SupportedTTSProviders lists provider keys that can be passed to NewTTSFromConfig.

Functions ¶

func NewServicesFromConfig ¶

func NewServicesFromConfig(cfg *config.Config) (LLMService, STTService, TTSService)

NewServicesFromConfig returns LLM, STT, and TTS services based on cfg.

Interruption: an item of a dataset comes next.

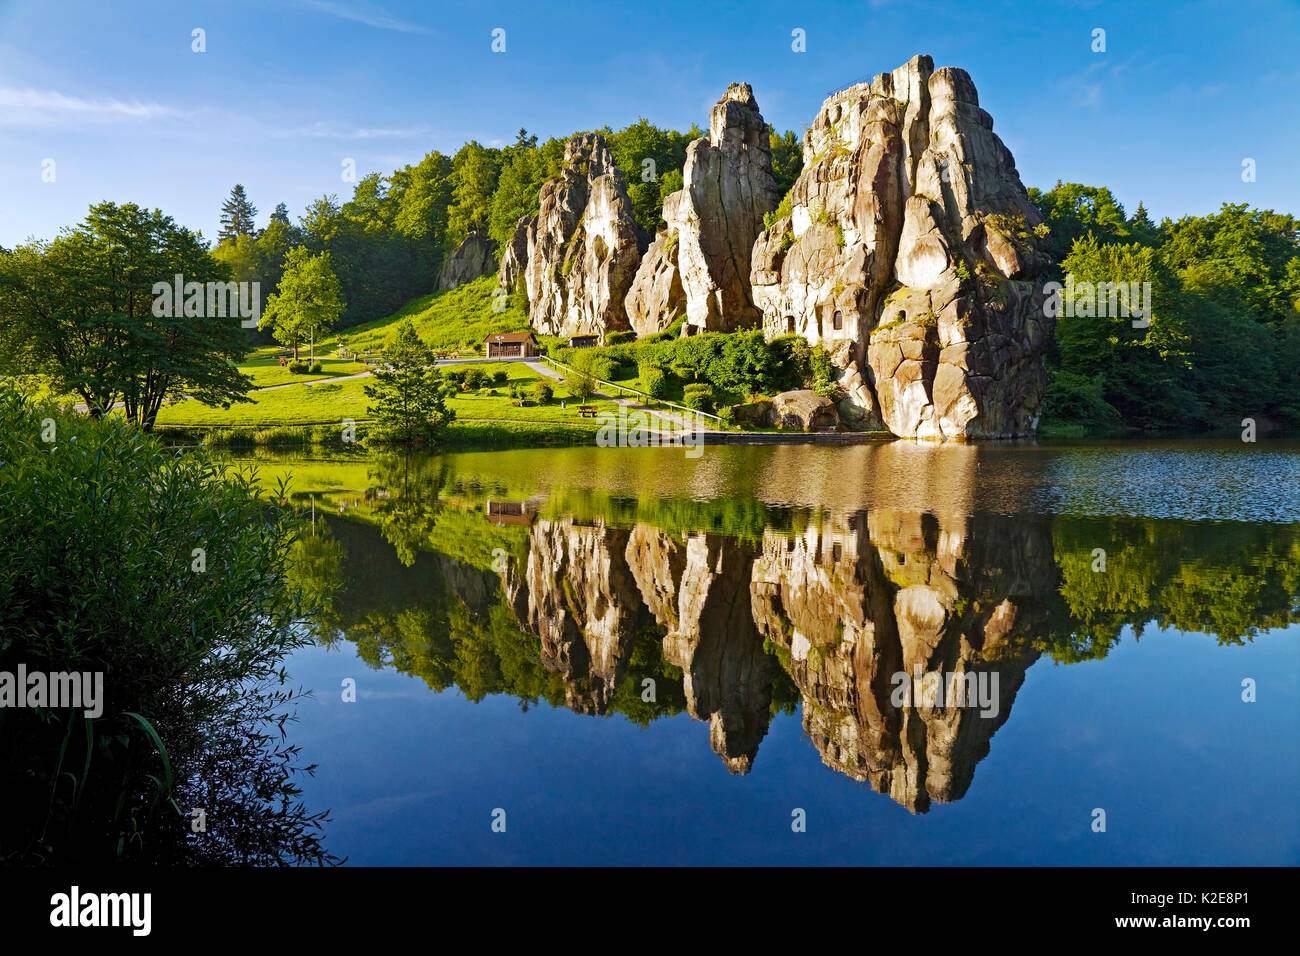 Horn Bad extern stones externsteine sandstone formation teutoburg forest
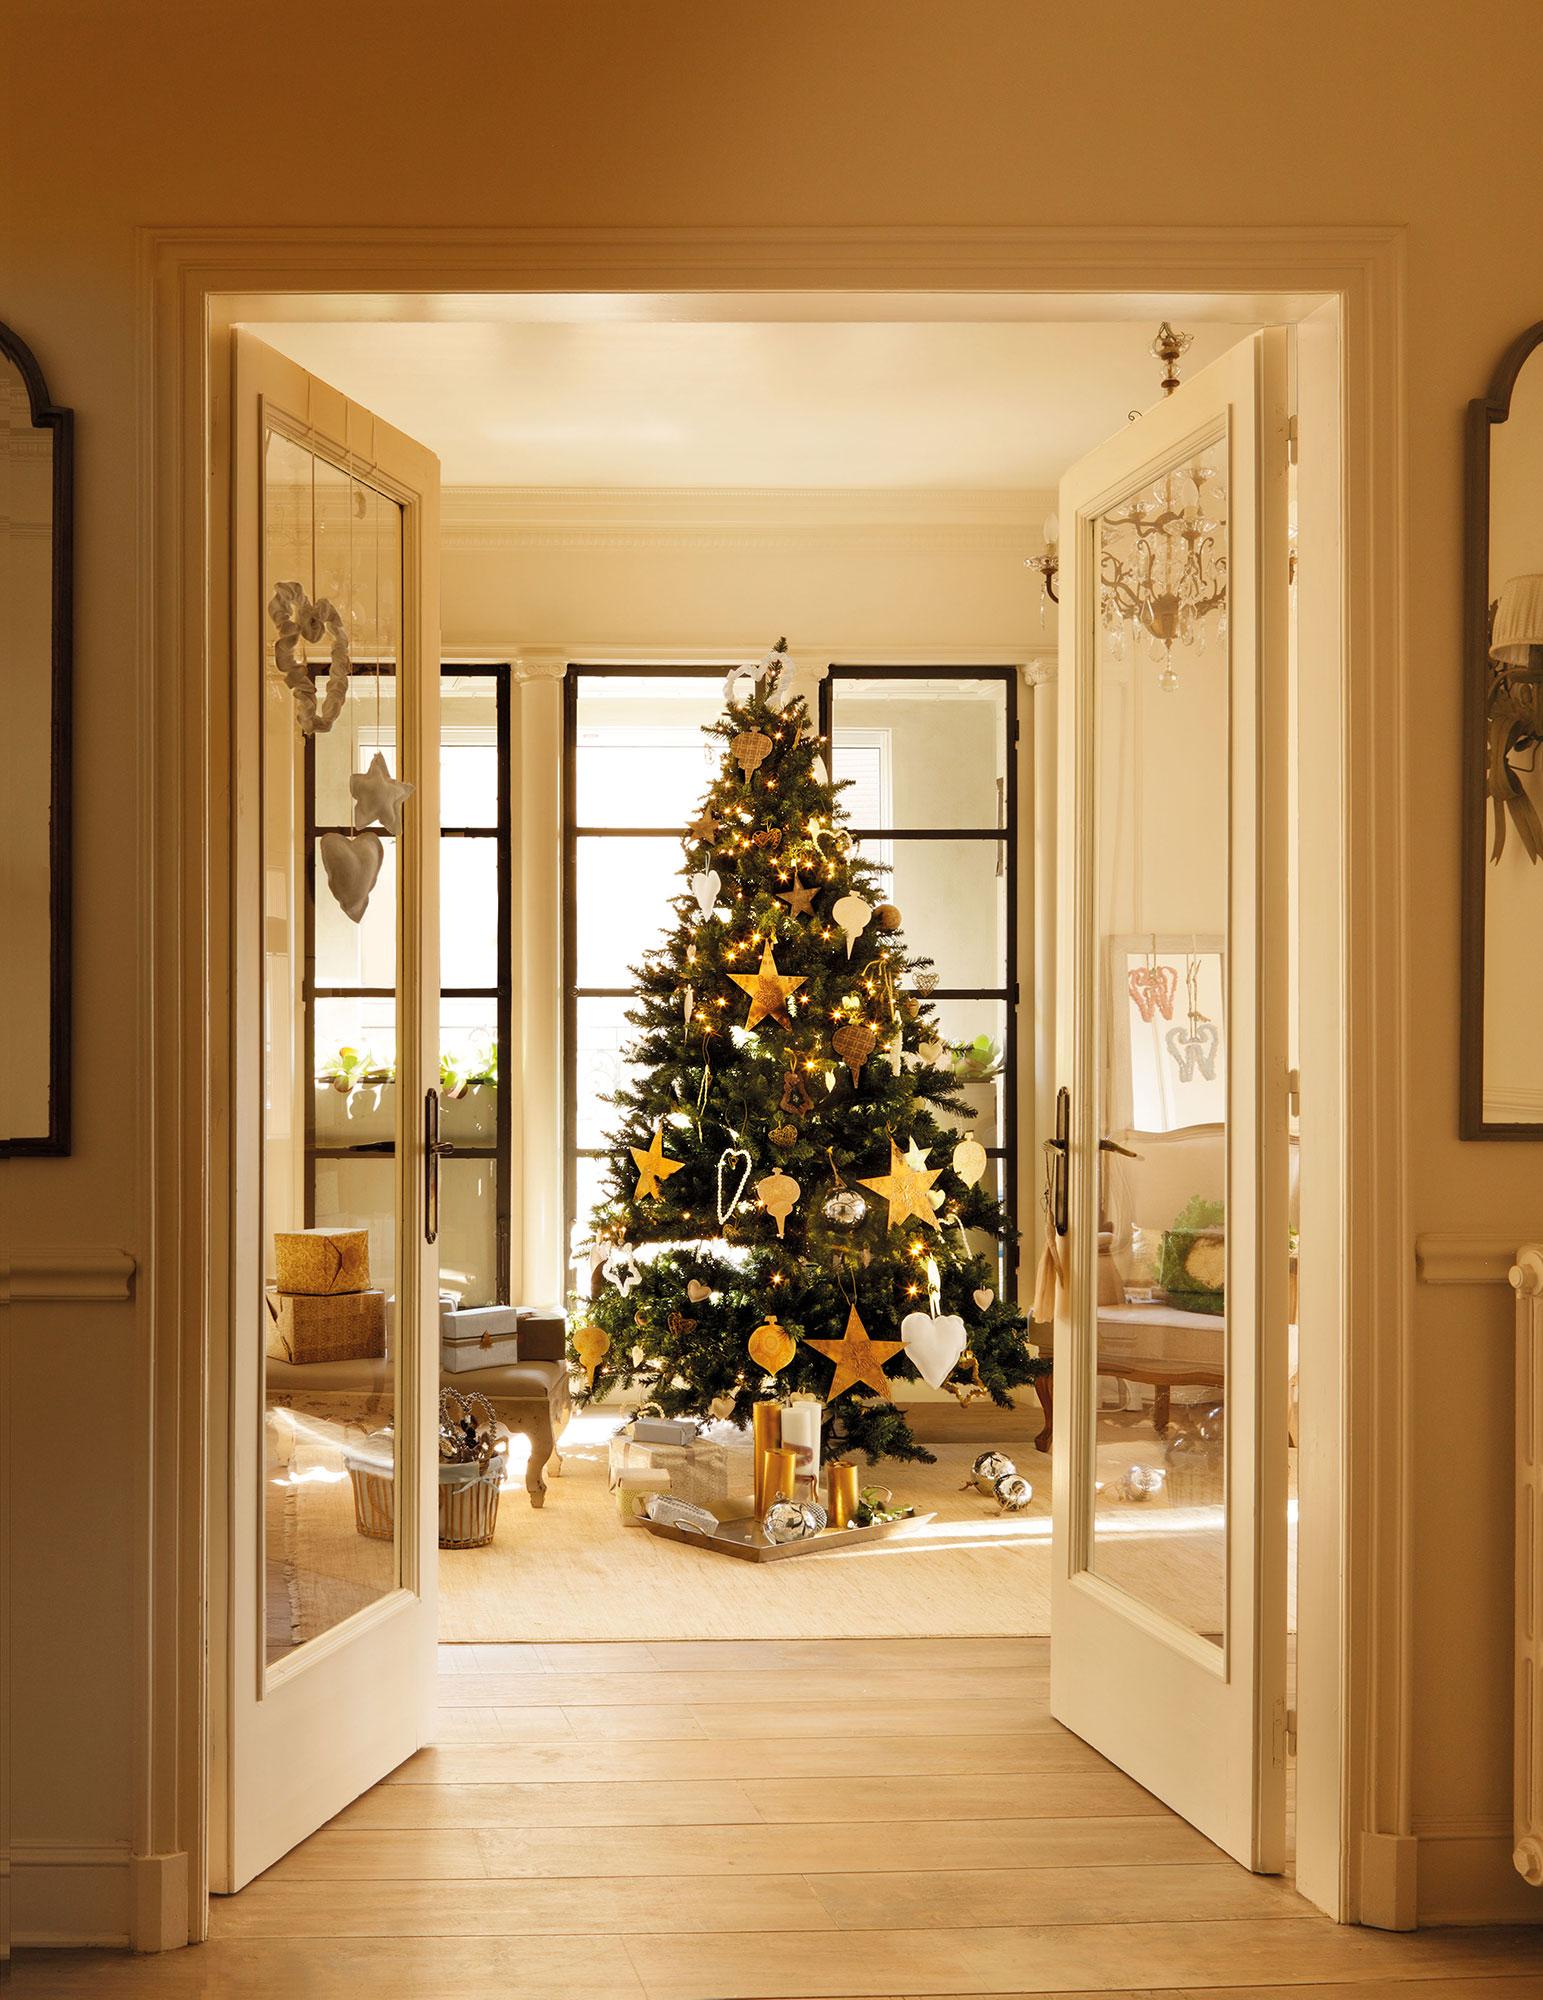 Decorar El Arbol De Navidad 15 Propuestas De Todos Los Estilos - Arbol-de-navidad-artesanal

Resolves provider per task (stt_provider/llm_provider/tts_provider or provider); uses task-specific model/voice when set.

Types ¶

type LLMService ¶

type LLMService = llmapi.LLMService

LLMService provides chat completion; may stream text frames. Re-exported from llmapi.

func NewLLMFromConfig ¶

func NewLLMFromConfig(cfg *config.Config, provider, model string) LLMService

NewLLMFromConfig returns an LLMService for the given provider and model. Provider must be one of SupportedLLMProviders; model is the chat model (e.g. cfg.Model).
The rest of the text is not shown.